Furthermore, the One-Belt-One-Road strategy (一带一路), seeks to ensure foreign markets for Chinese goods and ensure a trade surplus with the rest of the world. Because of massive overcapacity, external markets are essential for the survival of many over indebted Chinese industrial giants.
In reality, China is unlikely to agree to all U.S. demands, but even compliance would not solve the underlying cause of the U.S.-China imbalances. China cannot under any circumstances meet U.S. demands for greater trade equity, except through buying more American products, some of which are explicitly to be used to undermine U.S. technological dominance, though they will boost profits of several U.S. companies in the short term. Even if the Chinese government were to support the purchase of greater numbers of U.S. goods, the structure of the Chinese economy ensures its surplus with the U.S. could only decrease slightly, without significant increases in Chinese household income relative to the size of Chinese GDP.
A serious question remains over the next few years: How will the U.S. respond to continuous Chinese trade surpluses? Despite Mnuchin’s claim the trade war is “on hold” and Trump's stated desire to prevent massive Chinese job losses, questions remain as to how long this detente will last.
This brings us back to ZTE and the future of Chinese tech.
One advantage of the outsized share of national income in the hands of the government and state-aligned corporate sector is the Chinese government can channel massive resources toward strategically important sectors, keeping them afloat and and even propelling them onto the world stage. On the other hand, because of relatively weak internal demand, companies tend to rely on government backing and on foreign demand.
Because access to resources is driven not by the market but by political strategy, this form of protectionism may encourage firms to spend relatively more effort courting government concessions than innovating. If trade war begins, the Chinese government may have to decide between increasing the share of national income that reaches Chinese households and channeling resources into national champions.

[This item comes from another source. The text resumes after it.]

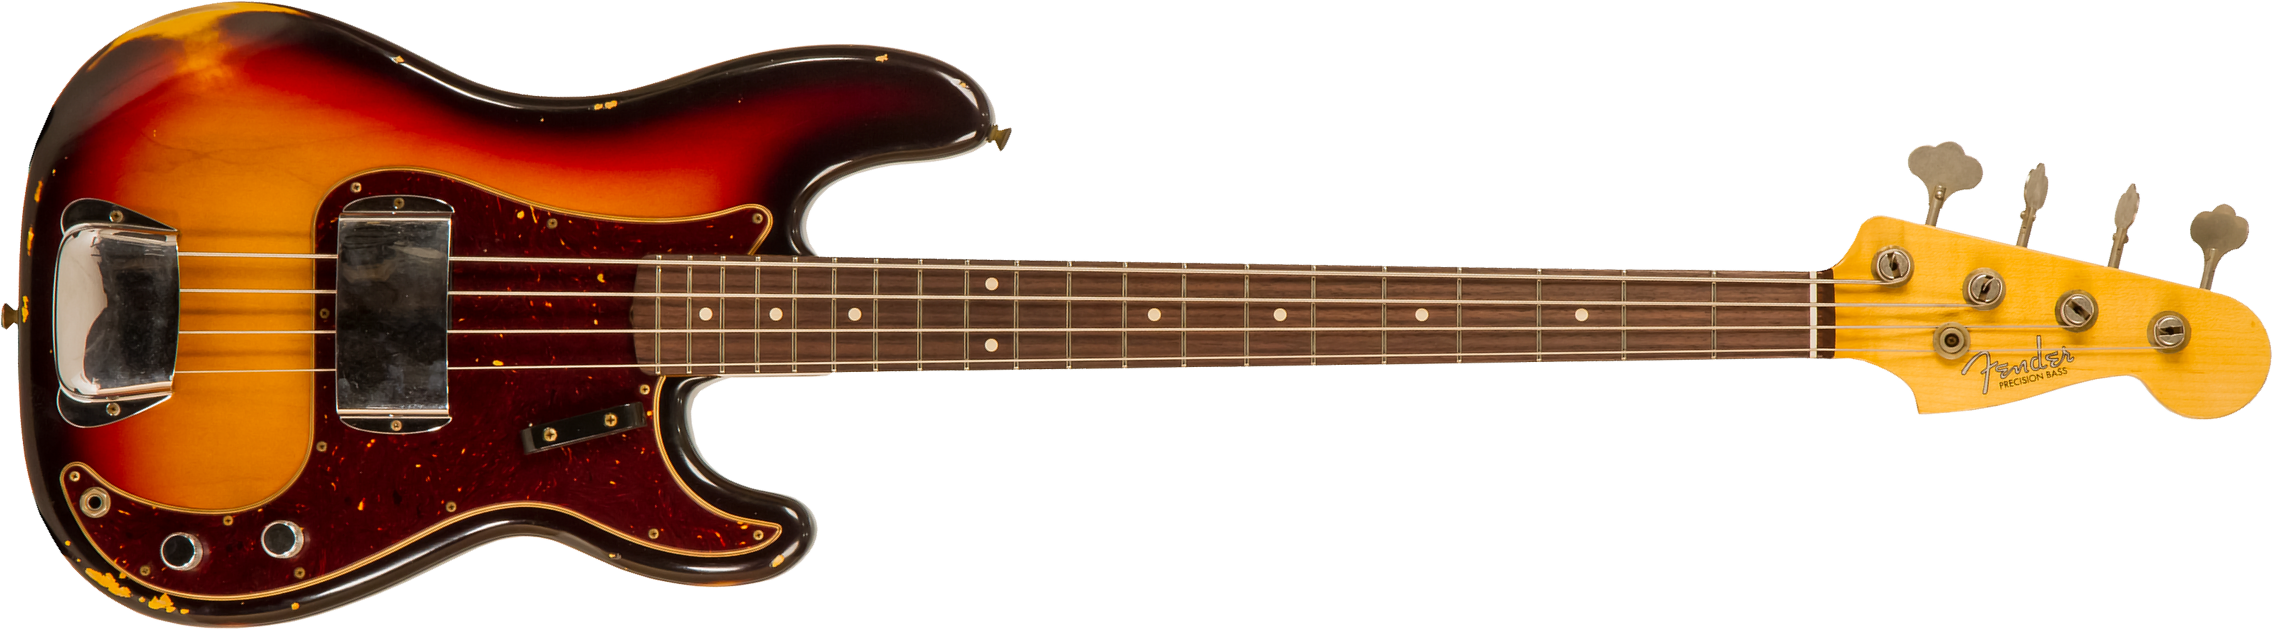 Fender Custom Shop Precision Bass 1961 Rw #cz556533 - Relic 3-color Sunburst - Basse Électrique Solid Body - Main picture

Though rarely discussed, Chinese structural imbalances may prevent the Chinese government from providing the Trump administration what it desires, even if Beijing desires. Yet, there is little indication the Chinese government has any interest in accommodating the U.S., as both the Belt-and-Road and Made in China 2025 point in exactly the opposite direction.

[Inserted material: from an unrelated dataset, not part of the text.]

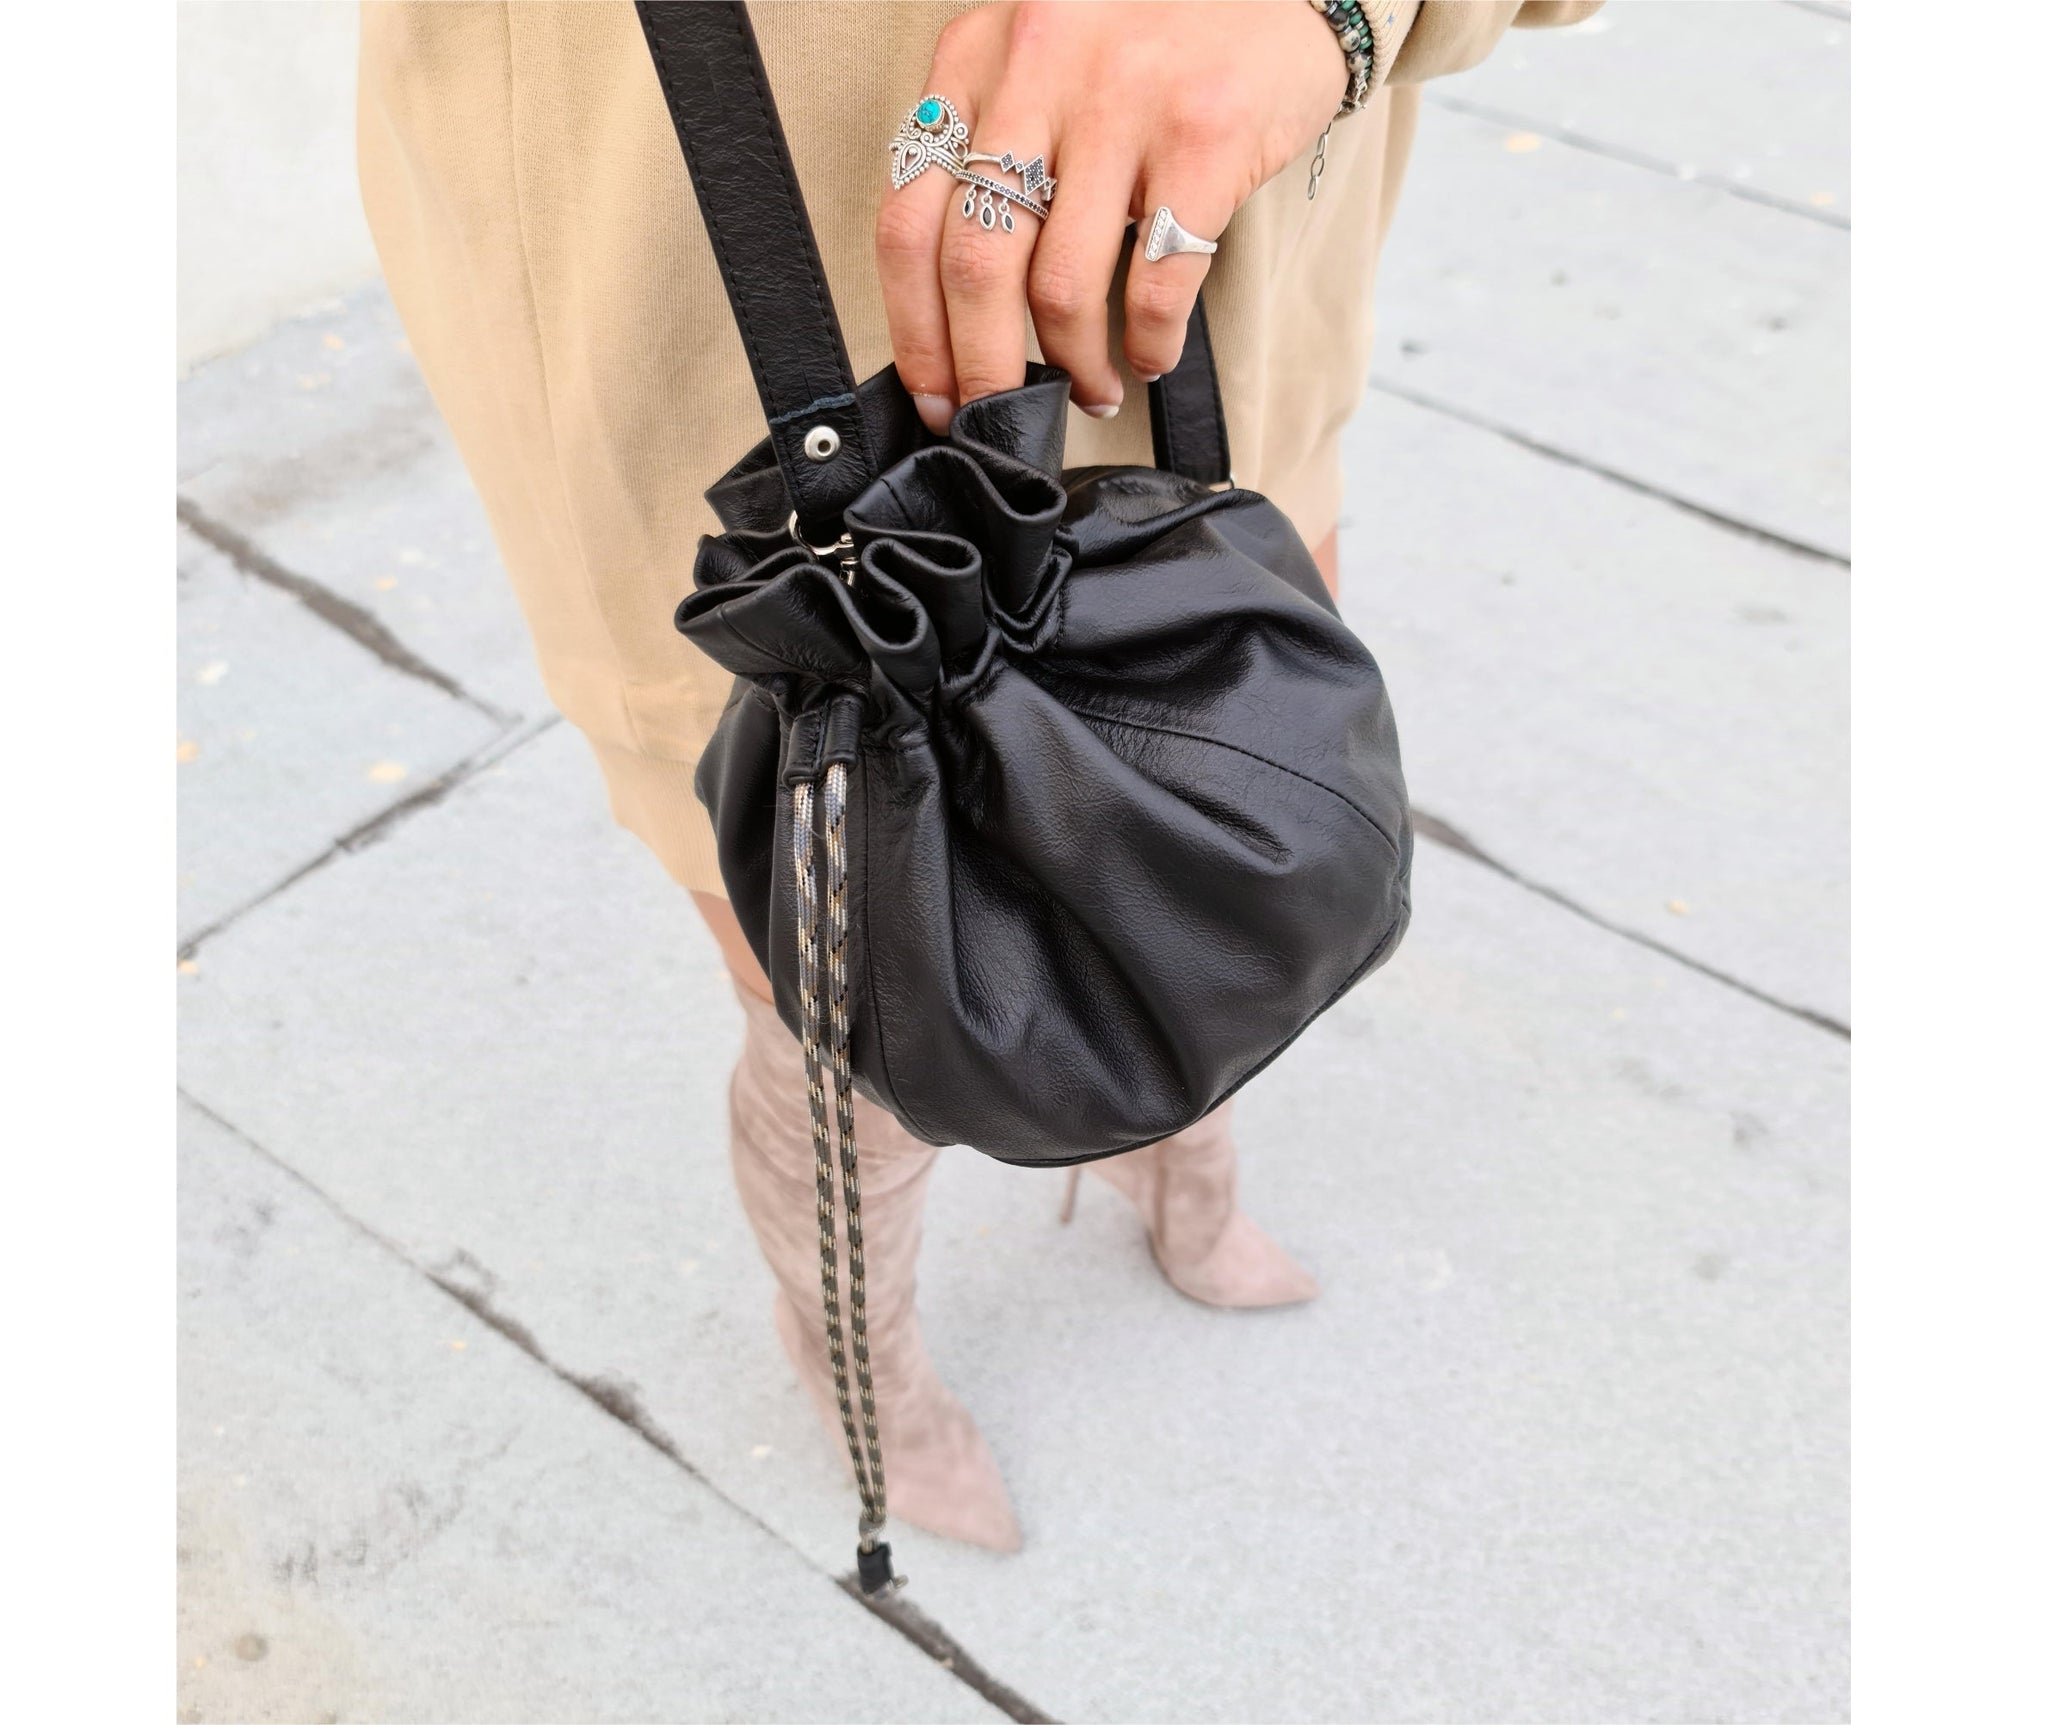 Tin Marin - Yaya Leather Bucket Bag with Mai Woven Bag Strap – The

How the U.S. responds over time and how vulnerable Chinese firms prove to trade and investment pressures must prove significant for the future of Chinese tech and innovation. If faced trade conflict abroad, Xi Jinping and the Chinese leadership will have to strike a balance between supporting national tech champions, fostering an innovative environment and increasing domestic consumption to rise. As to how this all plays out, your guess is as good as mine.